Never one to let a new fad pass me by :wink: , I took some old door frame like this:





Planed it up like this, for the base:





For the top, some 6" x 2" beech from British Hardwoods:





Jointed the edges like this:





Pausing only to point out why just being able to "match plane" two edges at once isn't enough in some cases - the blade simply isn't wide enough:





Found my Titebond bottle had got gummed up, but just about managed to squeeze out enough:





And clamped up using the ever-useful, and often over-looked, clamp heads. Alas looks like the Plano clamps are a no-show under the tree this year 





A bit of saw, chisel and router work to create a couple a few simple notches and I have a top and base:





Time to consider vices.
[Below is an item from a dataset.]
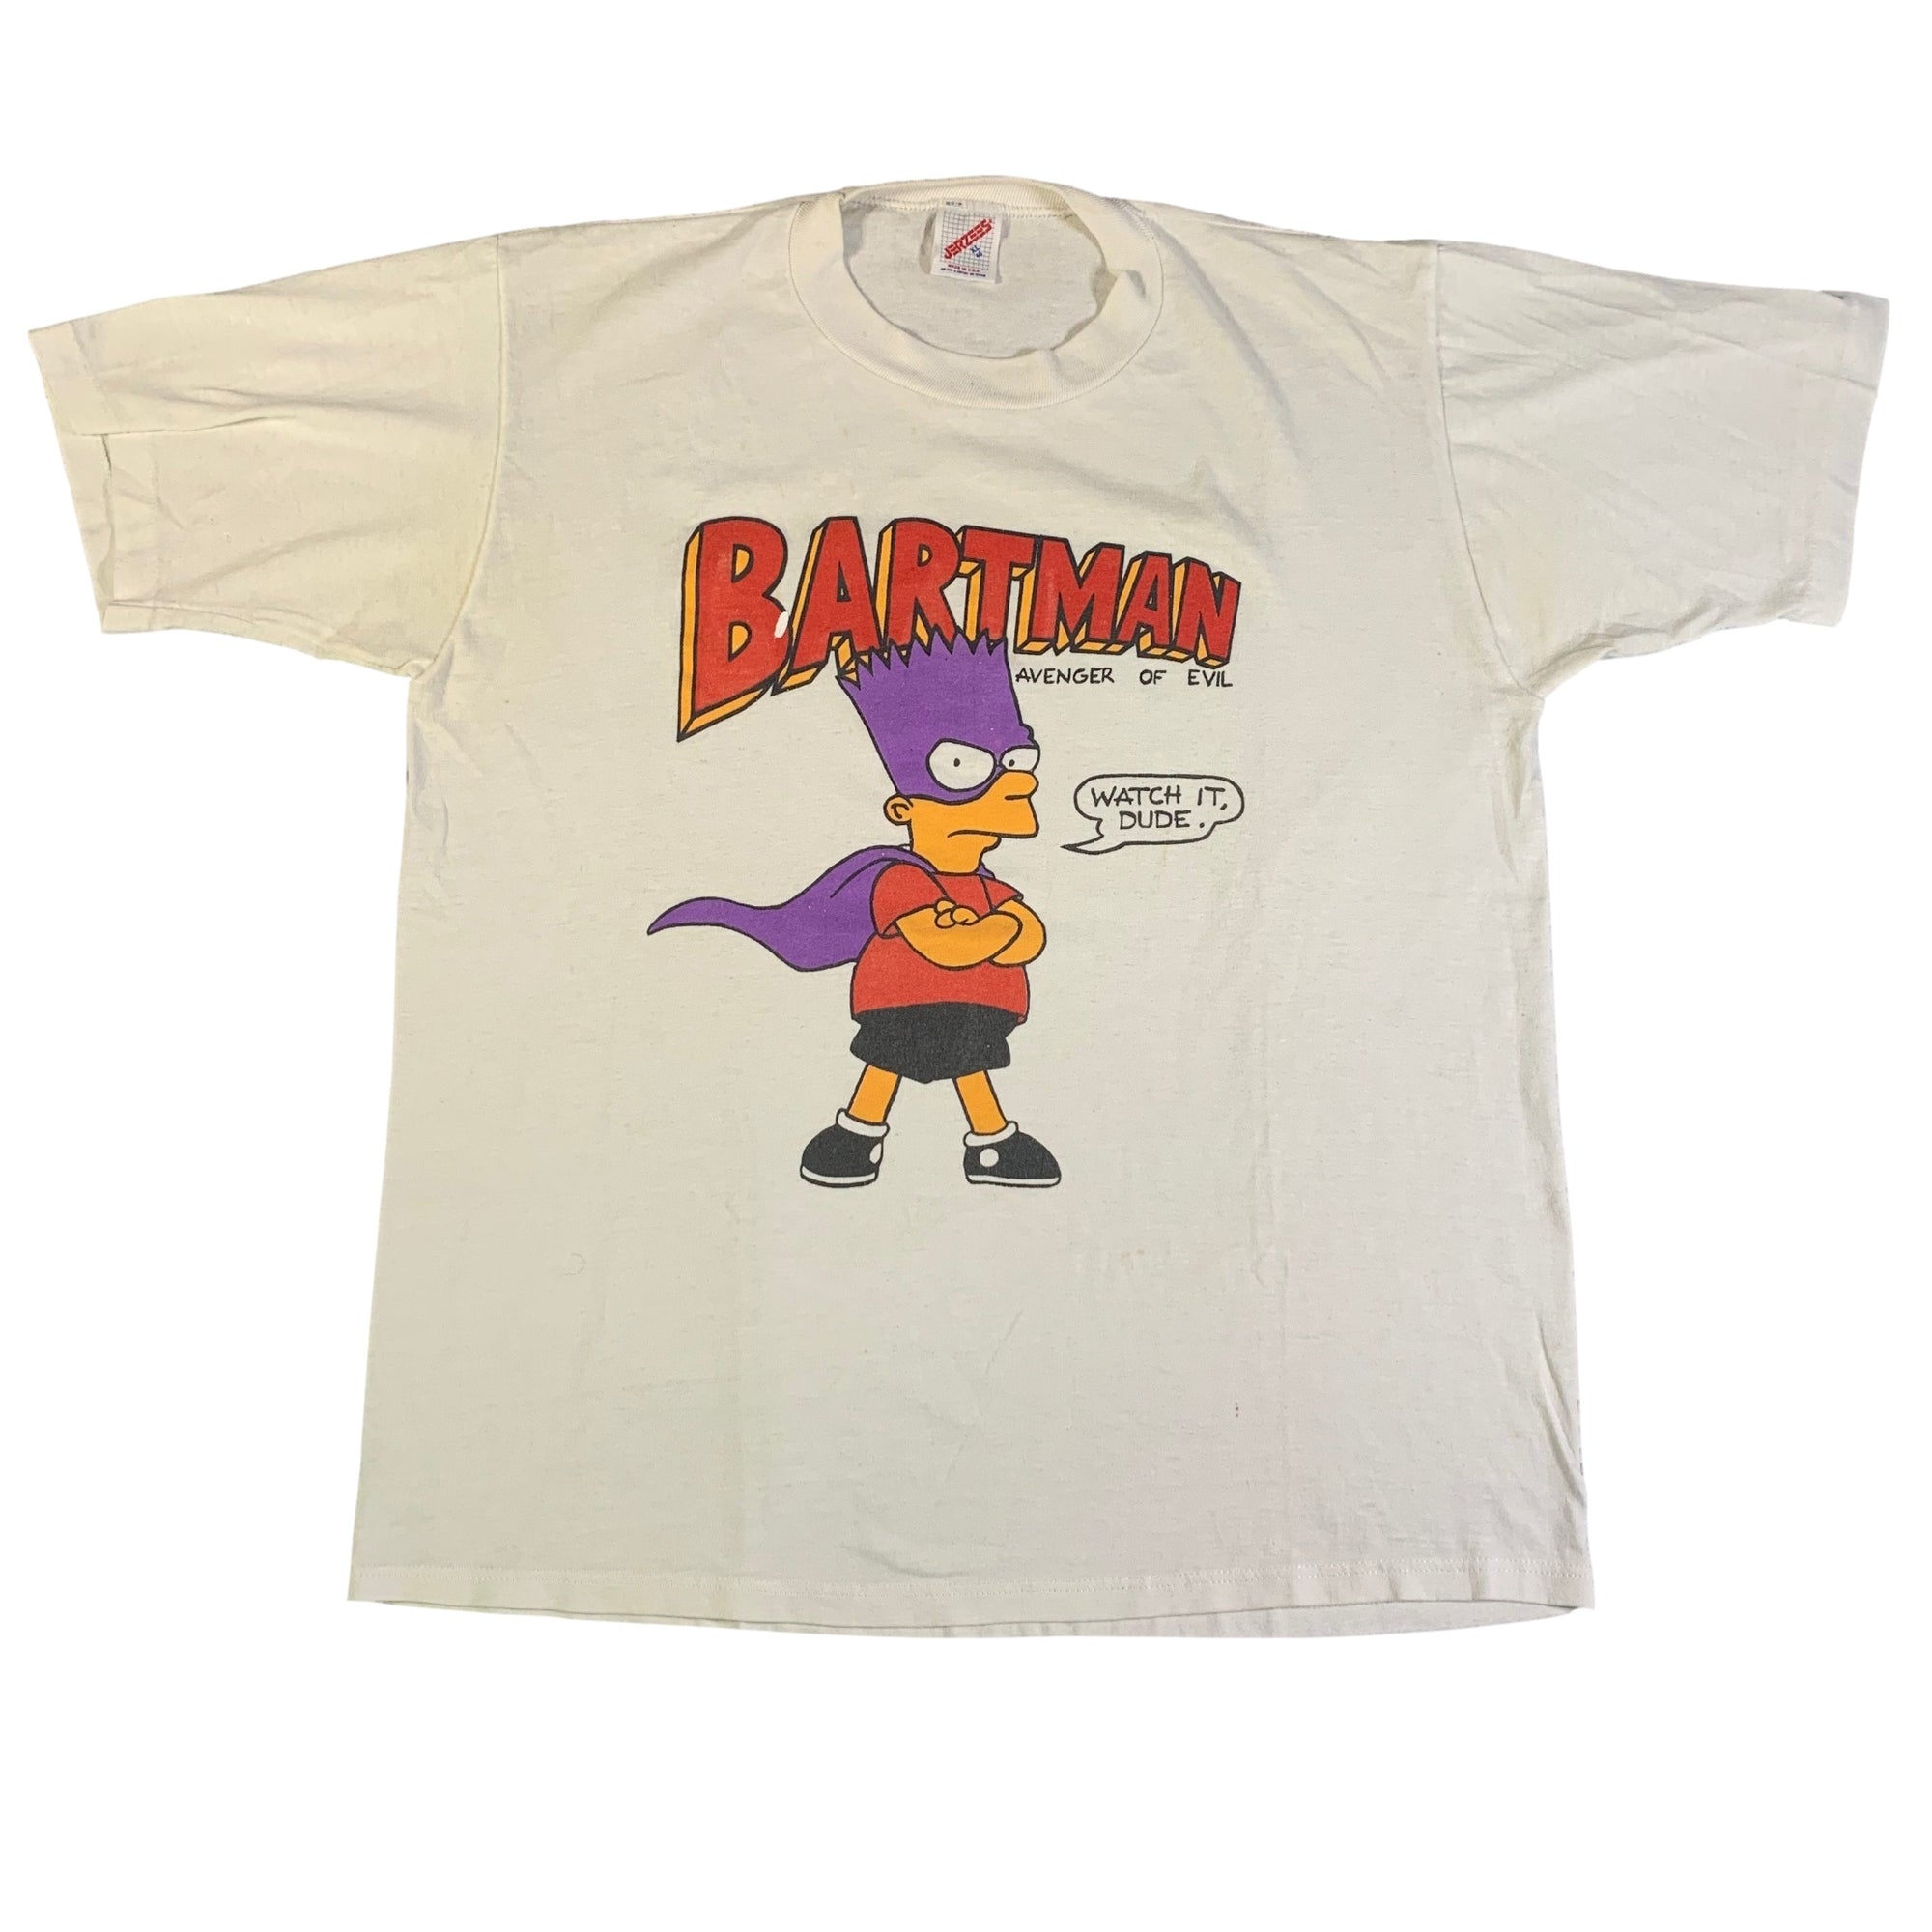 Vintage Bartman "Avenger Of Evil" T-Shirt - jointcustodydc

Drinking, gambling and, in this case, ah hum, _screwing_. :roll: (MayIbeforgivenforthatone [-o< ) A little work on the lathe and some potential screws and the 3/4" screw box waiting to thread them.





Not wholely successfully.  Mucho breaking of threads - it seems the older curtain rail I'd used successfully in the past was quite a different animal from these more modern off-cuts. Blast. Back to the lathe, this time with some beech.





Imagine that bit while I cut straight to tapping the threads in the rear jaw; who says having more than one small square is unnecessary? 





Rear jaw clamped up onto the edge of the top. To make lining it up a bit easier, I planed a shallow rebate in the back of the jaw to register it on the edge. It also helped me avoid boring the screw holes in the wrong place... You may notice one beech screw is a trifle "thread challenged" at the end - would you believe a split appeared in the blank? Well I wasn't doing another one, so I decided to just see how it went. The vice is only intended to open a little way for dovetailing and such anyway.





All put together - eventually. I must have adjusted and re-tapped with that screw box half a dozen times to get the threads working a little more smoothly. Still not perfect, but time and wear should help. Anyway, the view from below:





A little staged dovetailing. The holdfast alone can grip it to the bench securely at this end, plus it's out of the way of most of the rest of the main bench.





The dog holes aren't in the perfect locations; should have finished the top before making the base really. However, as planned, they're near the edge, which is a help when using a fenced tool on a narrow workpiece. I expect I'll probably be adding more as I go along, but we'll see how it pans out, rather than what I _think_ will be the case. I'm reluctant to put dog holes in the vice and use that to hold things simply because I have some doubts over whether the 3/4" screws will be up to the task.





FWIW, I'm 5'10" and with my arms relaxed by my sides, my wrist is 900mm/35" from the floor. The bench is 920mm/36" high, and the bench-on-bench is another 6" on that. That seemed to be about the right height for me, but the base is merely screwed together should I need to alter it.





Overall size 610mm/24" wide, 387mm/15.25" deep including the vice jaws.





At last I can stop feeling guilty; *I've made a workbench!* Just keep the size to yourselves... :-$ :wink: 

Cheers, Alf


----------



## Neil (13 Dec 2005)

Bravo, Alf! =D> =D> =D> 

Nice to see that I'm not the only one who likes stuff built for the workshop to look good as well as to work well 8) 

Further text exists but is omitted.